--- Assignment ---
Set down the whole listing below exactly, without pictures.

--- Provided material ---
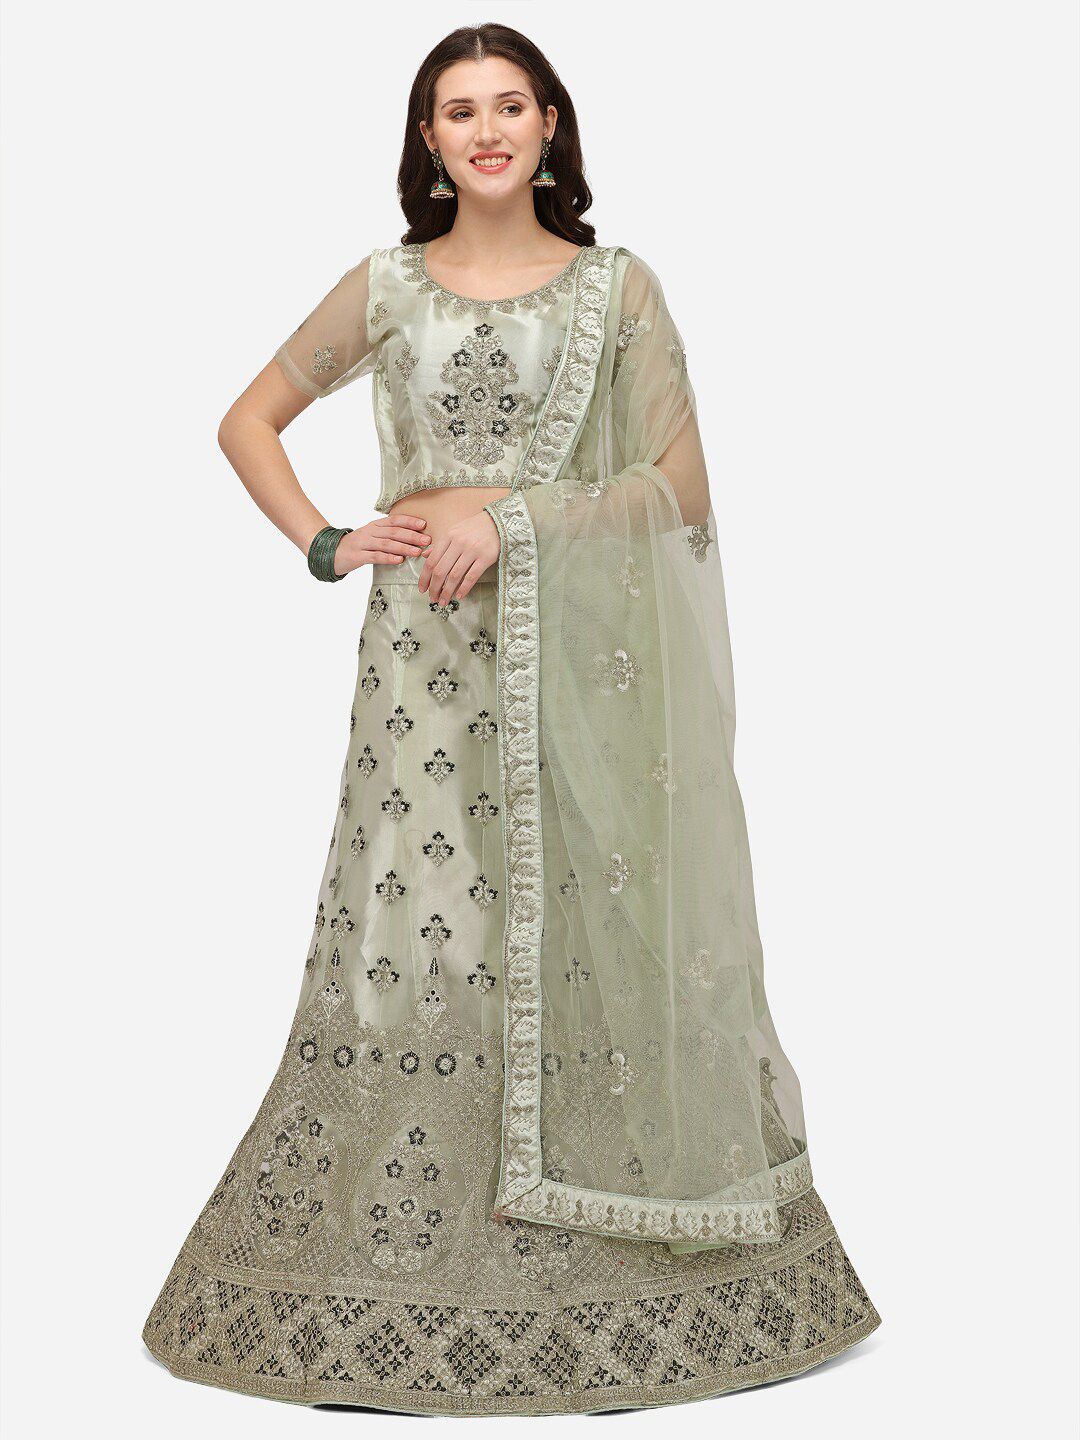 VRSALES Green Embroidered Semi-Stitched Lehenga & Unstitched Blouse With Dupatta Price in India
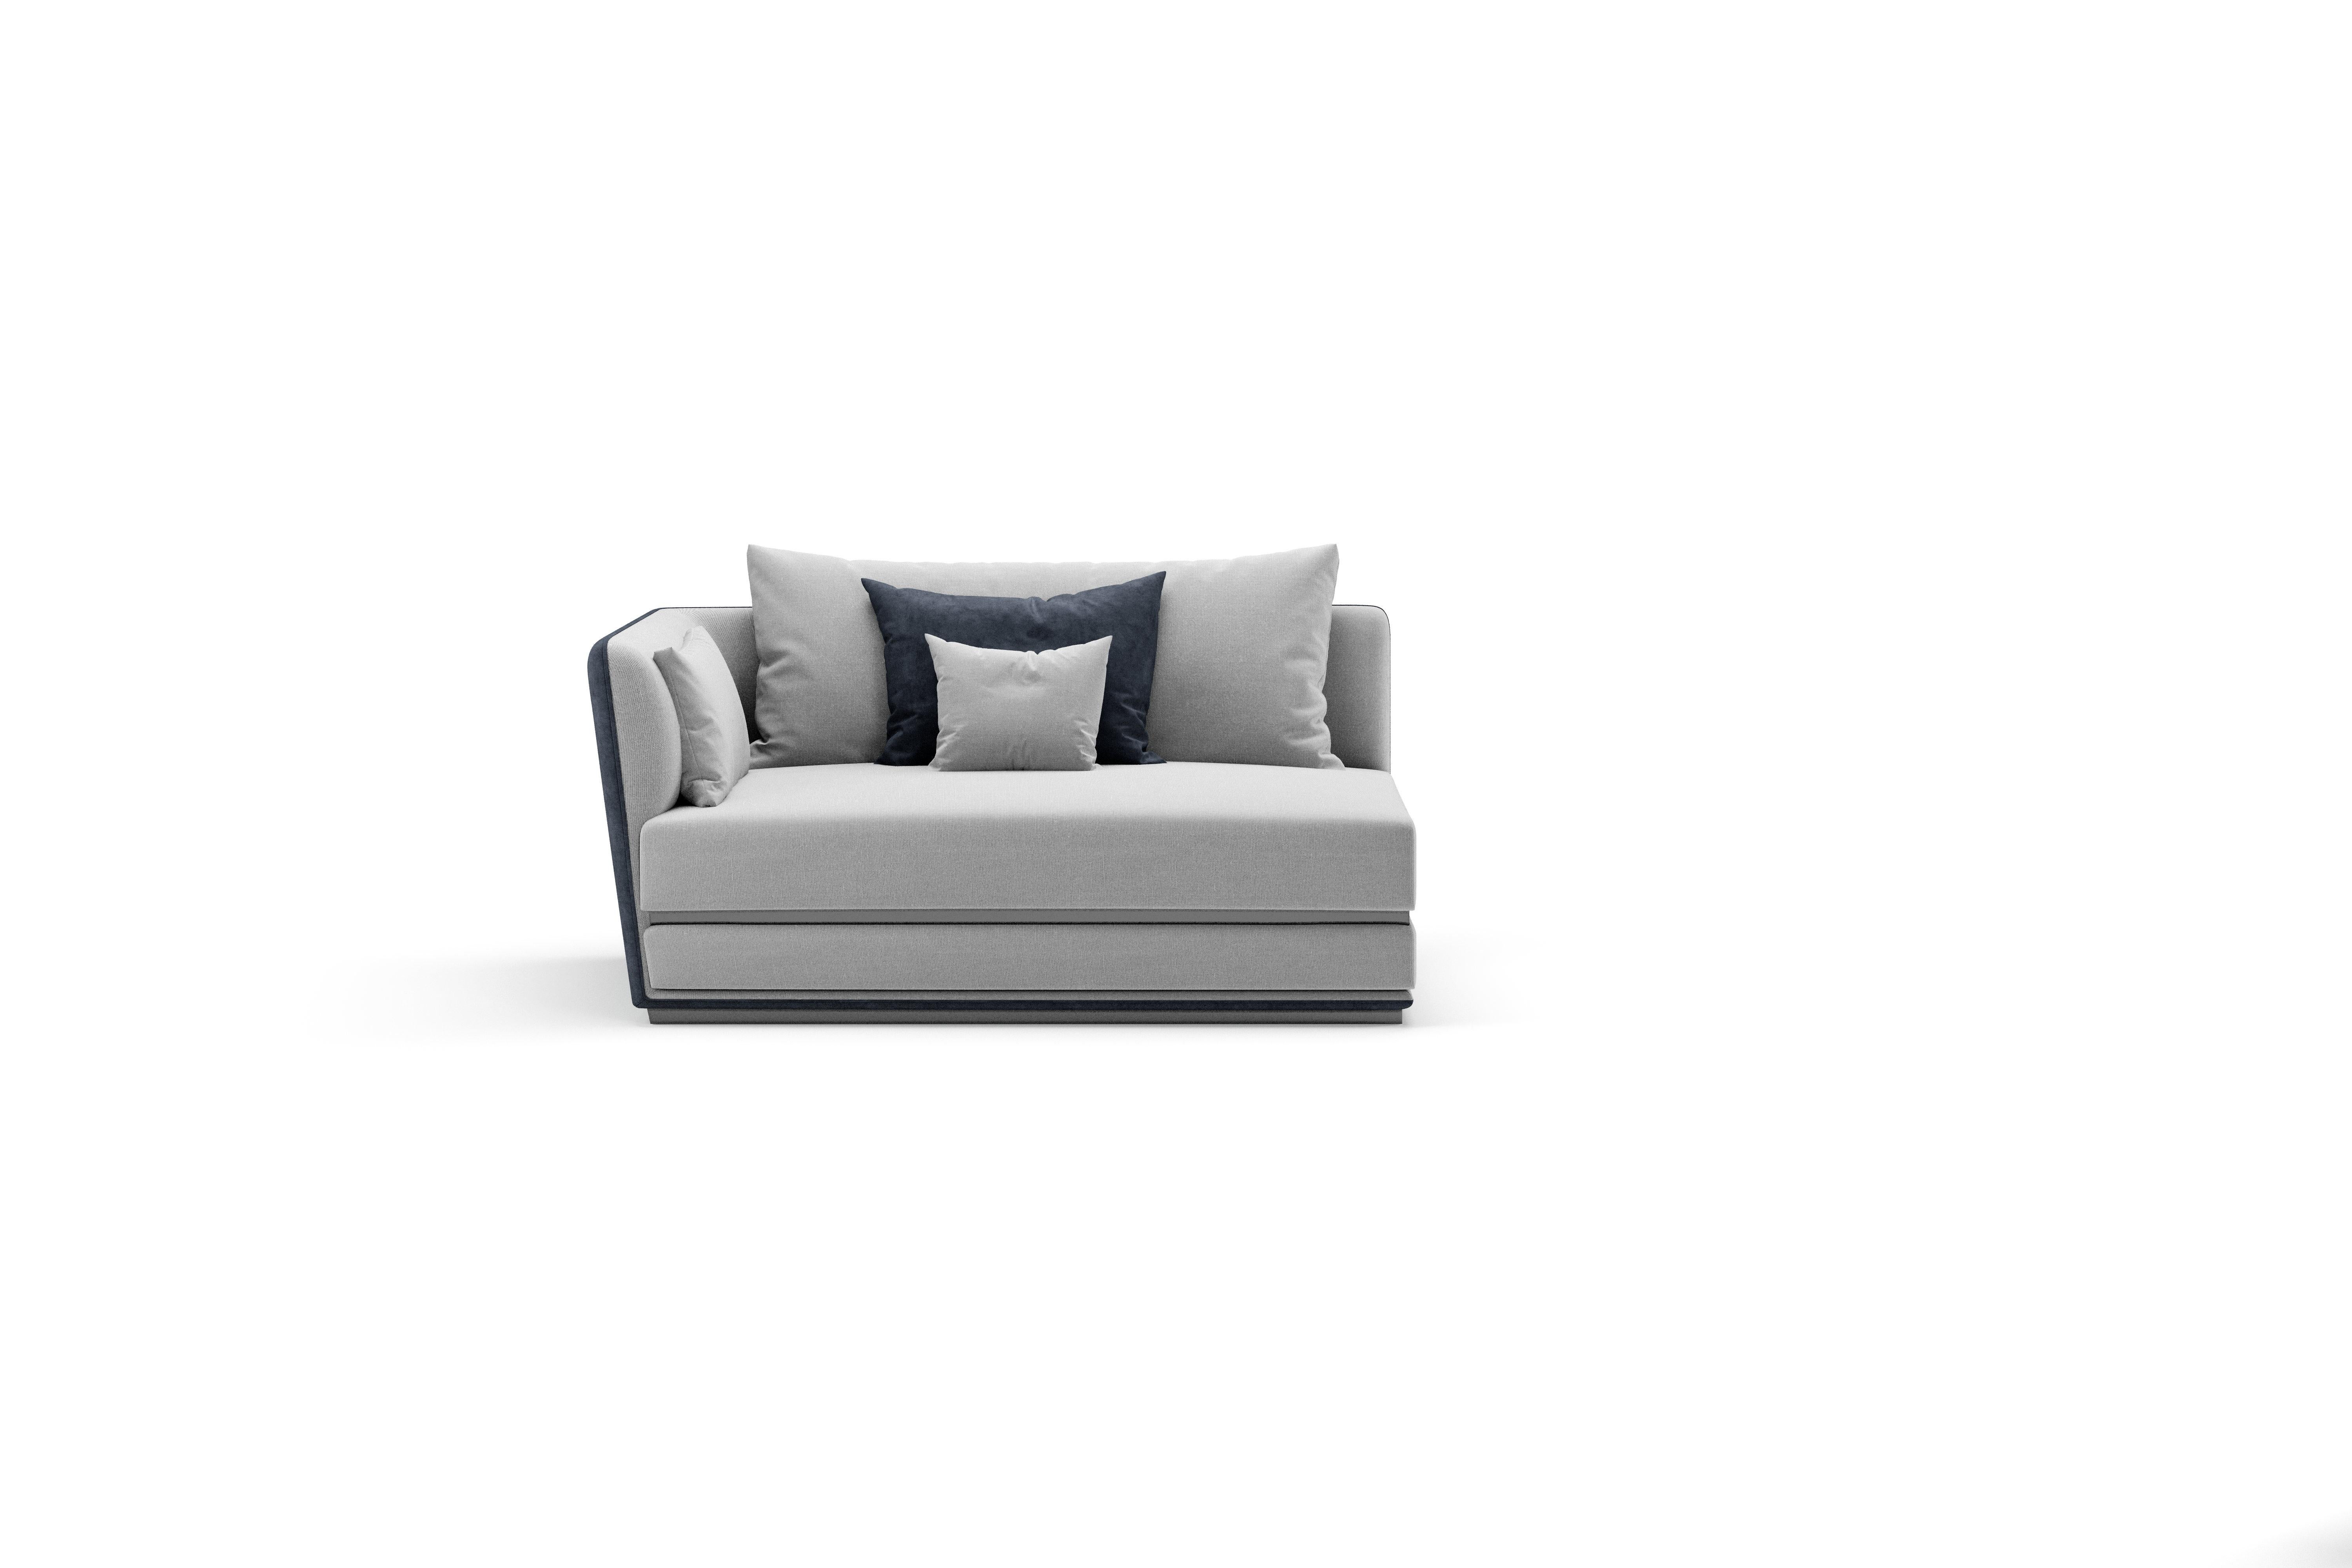 Prisma right/left arm Double element is an element of modular sofa available in many colors and materials. Its structure is wood padded with multi-density rubber and interwoven elastic straps.
The base has titanium nickel finishing.

Prisma is

--- Finished task ---
 VRSALES Green Embroidered Semi-Stitched Lehenga & Unstitched Blouse With Dupatta Price in India
 Prisma right/left arm Double element is an element of modular sofa available in many colors and materials. Its structure is wood padded with multi-density rubber and interwoven elastic straps.
The base has titanium nickel finishing.

Prisma is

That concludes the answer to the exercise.